While the need for fostering economic growth and creating jobs isn't new, it has become ever-more important for the region's governments, faced with young and growing populations seeking better employment opportunities, reforms and greater political and personal freedoms.

A high rate of youth unemployment was one of the factors that spurred mass demonstrations in Egypt, Tunisia and Yemen earlier this year. With millions of young Arabs entering the labour market on an annual basis, unemployment will continue to be a problem that may provoke further dissatisfaction.

The labour market challenge is an enormous one. According to the World Economic Forum, the region needs to create 75 million jobs by 2020 — 40 per cent more than the number of jobs generated in 2011 — just to keep employment close to current levels.

"The biggest challenge — and, therefore, biggest priority — for the region's policymakers is how to provide the jobs that are needed by the young populations," said Simon Cooper, HSBC Bank Middle East's chief executive officer and deputy chairman.

But meeting the challenge won't be easy, even for oil exporters that have been able to spur economic growth by channelling billions of petrodollars into infrastructure projects and citizen benefits.

In March, King Abdullah Bin Abdul Aziz of Saudi Arabia announced that the world's largest oil exporter would embark on a massive spending programme on social benefits, with as much as $67 billion (Dh246.06 billion) to be spent on house-building alone to meet a domestic shortage. The spending came on top of the country's $400 billion, five-year infrastructure development programme already under way. Other Gulf states have embarked on similar, if smaller, spending programmes.

Economic forecast

The International Monetary Fund, in its latest World Economic Outlook published in September, forecast growth of 4.9 per cent for the region's oil exporters in 2011, with Qatar, Saudi Arabia and Iraq seeing especially strong growth due to high energy prices. But oil exporters will see their growth rates slip to a collective 3.9 per cent in 2012, it added, and weaker growth in the US and Europe could depress prices for the region's commodity exporters and reduce governments' ability to keep spending.

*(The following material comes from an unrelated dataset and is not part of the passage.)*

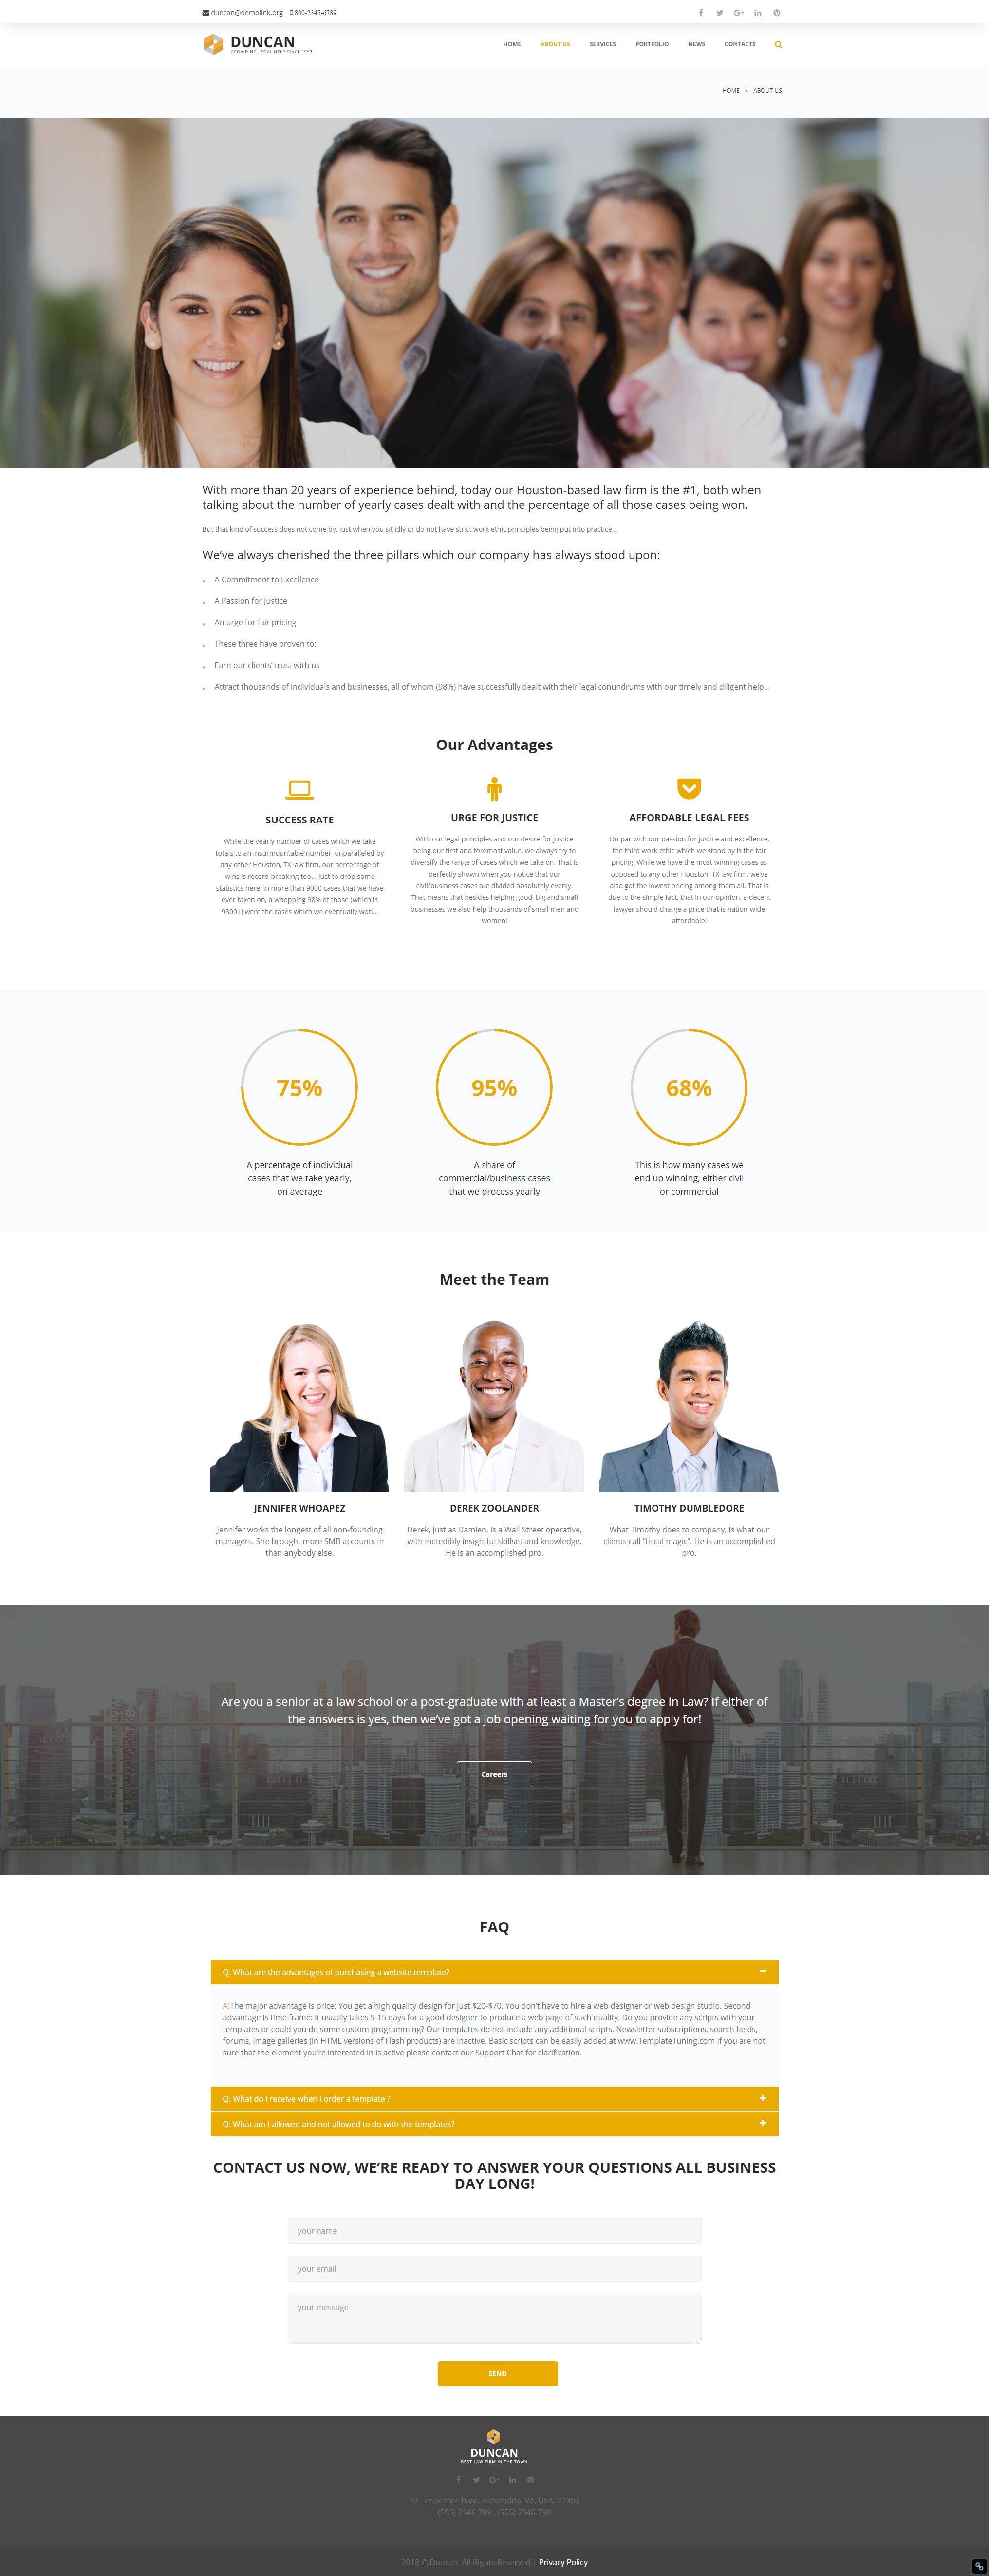 About us - Best Lawyer WordPress Theme

For oil importers, the picture looks gloomier. Countries like Egypt and Morocco, faced with continued social unrest that's slowing the recovery in tourism receipts and remittances, are predicted to grow at only 1.4 per cent this year, according to the IMF, even though that rate is seen rising to 2.6 per cent in 2012.

But even the relatively high growth rates seen in oil exporting states may not be enough to generate jobs on the scale needed to absorb the large numbers of young people entering the labour market every year.

"Economic growth over the past decade has not made any dent in the high regional unemployment rates as the working age demographics swamp even very strong and above-average economic growth," said Yasser Jarrar, Middle East strategy leader and Middle East deputy markets leader at PwC.

"Recent events in the Middle East have led to a range of short-term responses from governments in the region, especially increased government expenditures to relieve cost of living pressures and to create jobs. However, it is medium to longer-term fiscal policy matters that continue to require major reform to be sustainable," he added.

Moreover, the governments' traditional control of large swathes of the economy through either close associates or government-linked companies has restricted competition and opportunities for new entrants, while general business environments remain overly bureaucratic and anti-enterprise, Jarrar said.

Booz, the consulting firm, says: "The key to accelerating job creation will be fostering a business environment in which entrepreneurs can easily start new companies, spread innovation and spur economic activity in general."